Group by an optional field in mongodb

Question

I would like to independently group the results of an or clause, including overlap. The data set is rather large so running 2 queries sequentially will result in an undesirable wait time. I am hoping I can somehow project which clause returned the corresponding data. Given this data set:

[
  {
    "_id": 1,
    "item": "abc",
    "name": "Michael",
    "price": NumberDecimal("10"),
    "quantity": NumberInt("2"),
    "date": ISODate("2014-03-01T08:00:00Z")
  },
  {
    "_id": 2,
    "item": "jkl",
    "name": "Toby",
    "price": NumberDecimal("20"),
    "quantity": NumberInt("1"),
    "date": ISODate("2014-03-01T09:00:00Z")
  },
  {
    "_id": 3,
    "item": "xyz",
    "name": "Keith",
    "price": NumberDecimal("5"),
    "quantity": NumberInt("10"),
    "date": ISODate("2014-03-15T09:00:00Z")
  },
  {
    "_id": 4,
    "item": "abc",
    "name": "Dwight",
    "price": NumberDecimal("5"),
    "quantity": NumberInt("20"),
    "date": ISODate("2014-04-04T11:21:39.736Z")
  },
  {
    "_id": 5,
    "item": "abc",
    "name": "Ryan",
    "price": NumberDecimal("10"),
    "quantity": NumberInt("10"),
    "date": ISODate("2014-04-04T21:23:13.331Z")
  },
  {
    "_id": 6,
    "item": "def",
    "name": "Jim",
    "price": NumberDecimal("7.5"),
    "quantity": NumberInt("5"),
    "date": ISODate("2015-06-04T05:08:13Z")
  },
  {
    "_id": 7,
    "item": "abc",
    "name": "Keith",
    "price": NumberDecimal("7.5"),
    "quantity": NumberInt("10"),
    "date": ISODate("2015-09-10T08:43:00Z")
  },
  {
    "_id": 8,
    "item": "abc",
    "name": "Michael",
    "price": NumberDecimal("10"),
    "quantity": NumberInt("5"),
    "date": ISODate("2016-02-06T20:20:13Z")
  },
  
] 

I would like to receive this result:

 [{
    "_id": {
      "name": "Keith"
    },
    "count": 2
  },
  {
    "_id": {
      "item": "abc",
    },
    "count": 5
  }]

Here is what I have tried so far:

db.collection.aggregate([
  {
    $match: {
      $or: [
        {
          item: "abc"
        },
        {
          name: "Keith"
        }
      ]
    }
  },
  {
    $group: {
      _id: {
        item: "$item",
        name: "$name"
      },
      count: {
        $sum: 1
      }
    }
  }
])

Answer 1

Here it is:

 mongos> db.n.aggregate([   {  $facet:{   names:[  {$match:{name:"Keith"}} , {$group:{_id:{name:"$name"}, count:{$sum:1}}} ]   , items:[ {$match:{item:"abc"}},{ $group:{_id:{item:"$item"}, count:{$sum:1}}  }  ]       }  } , {$project:{ "namesANDitems":{$concatArrays:[ "$names","$items" ]}  }} ,{$unwind:"$namesANDitems"} ,{$replaceRoot:{newRoot:"$namesANDitems"} } ]).pretty()
 { "_id" : { "name" : "Keith" }, "count" : 2 }
 { "_id" : { "item" : "abc" }, "count" : 5 }
 mongos> 

explained:

1. You create two pipes via $facet
2. Match in every facet pipe what you need to group pipe1=names , pipe2=items
3. Join the arrays from the two pipes in single array named "namesANDitems"
4. Convert the array to object with $unwind
5. Remove the temporary object name namesANDitems so you have only the two objects as requested

Answer 2

You can use $facet to get multiple aggregation pipelines into the same stage in this way:

Using $facet there are two "outputs" one group by name and other by item.

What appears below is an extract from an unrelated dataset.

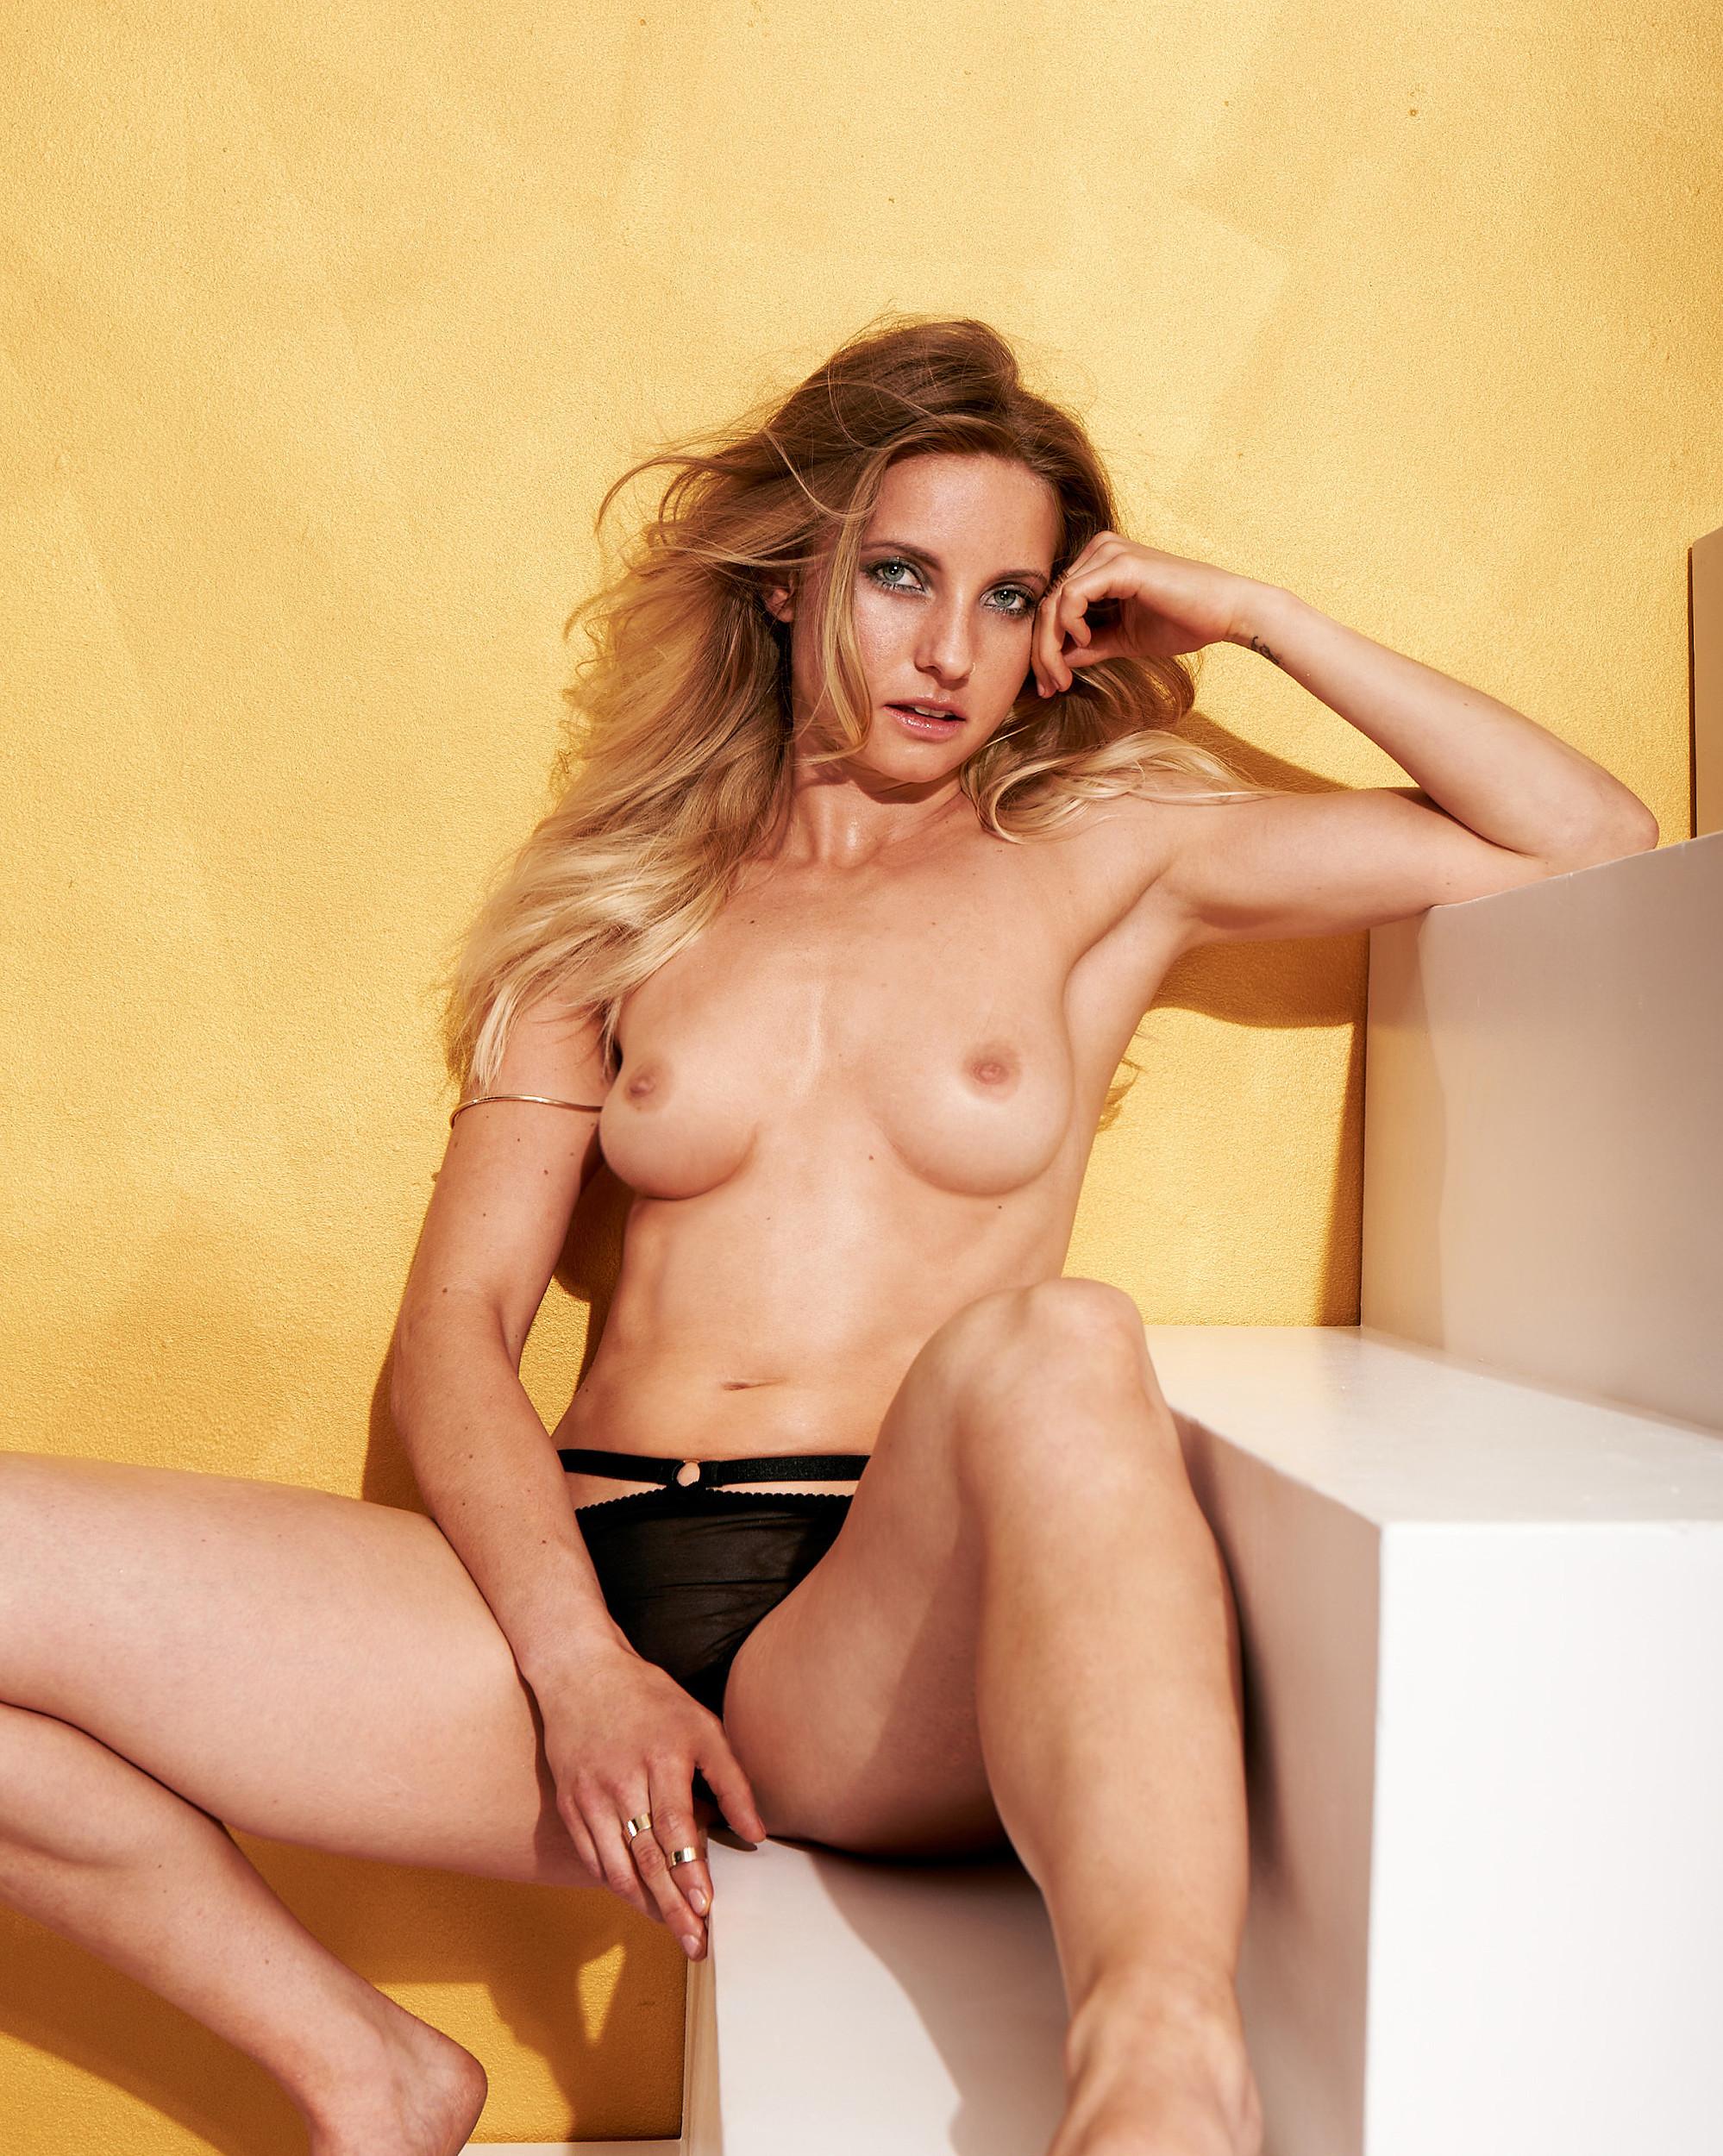 Откровенный фотосет немецкой спортсменки Nadja Pries

In each one there are multiple stages:

• First $match to process only documents you want.
• Then $group with _id name or item, and $count to get the total.

db.collection.aggregate([
  {
    "$facet": {
      "groupByName": [
        {
          "$match": {"name": "Keith"}
        },
        {
          "$group": {"_id": "$name","count": {"$sum": 1}}
        }
      ],
      "groupByItem": [
        {
          "$match": {"item": "abc"}
        },
        {
          "$group": {"_id": "$item","count": {"$sum": 1}}
        }
      ]
    }
  }
])

Example here

The output is:

{
    "groupByItem": [
      {
        "_id": "abc",
        "count": 5
      }
    ],
    "groupByName": [
      {
        "_id": "Keith",
        "count": 2
      }
    ]
  }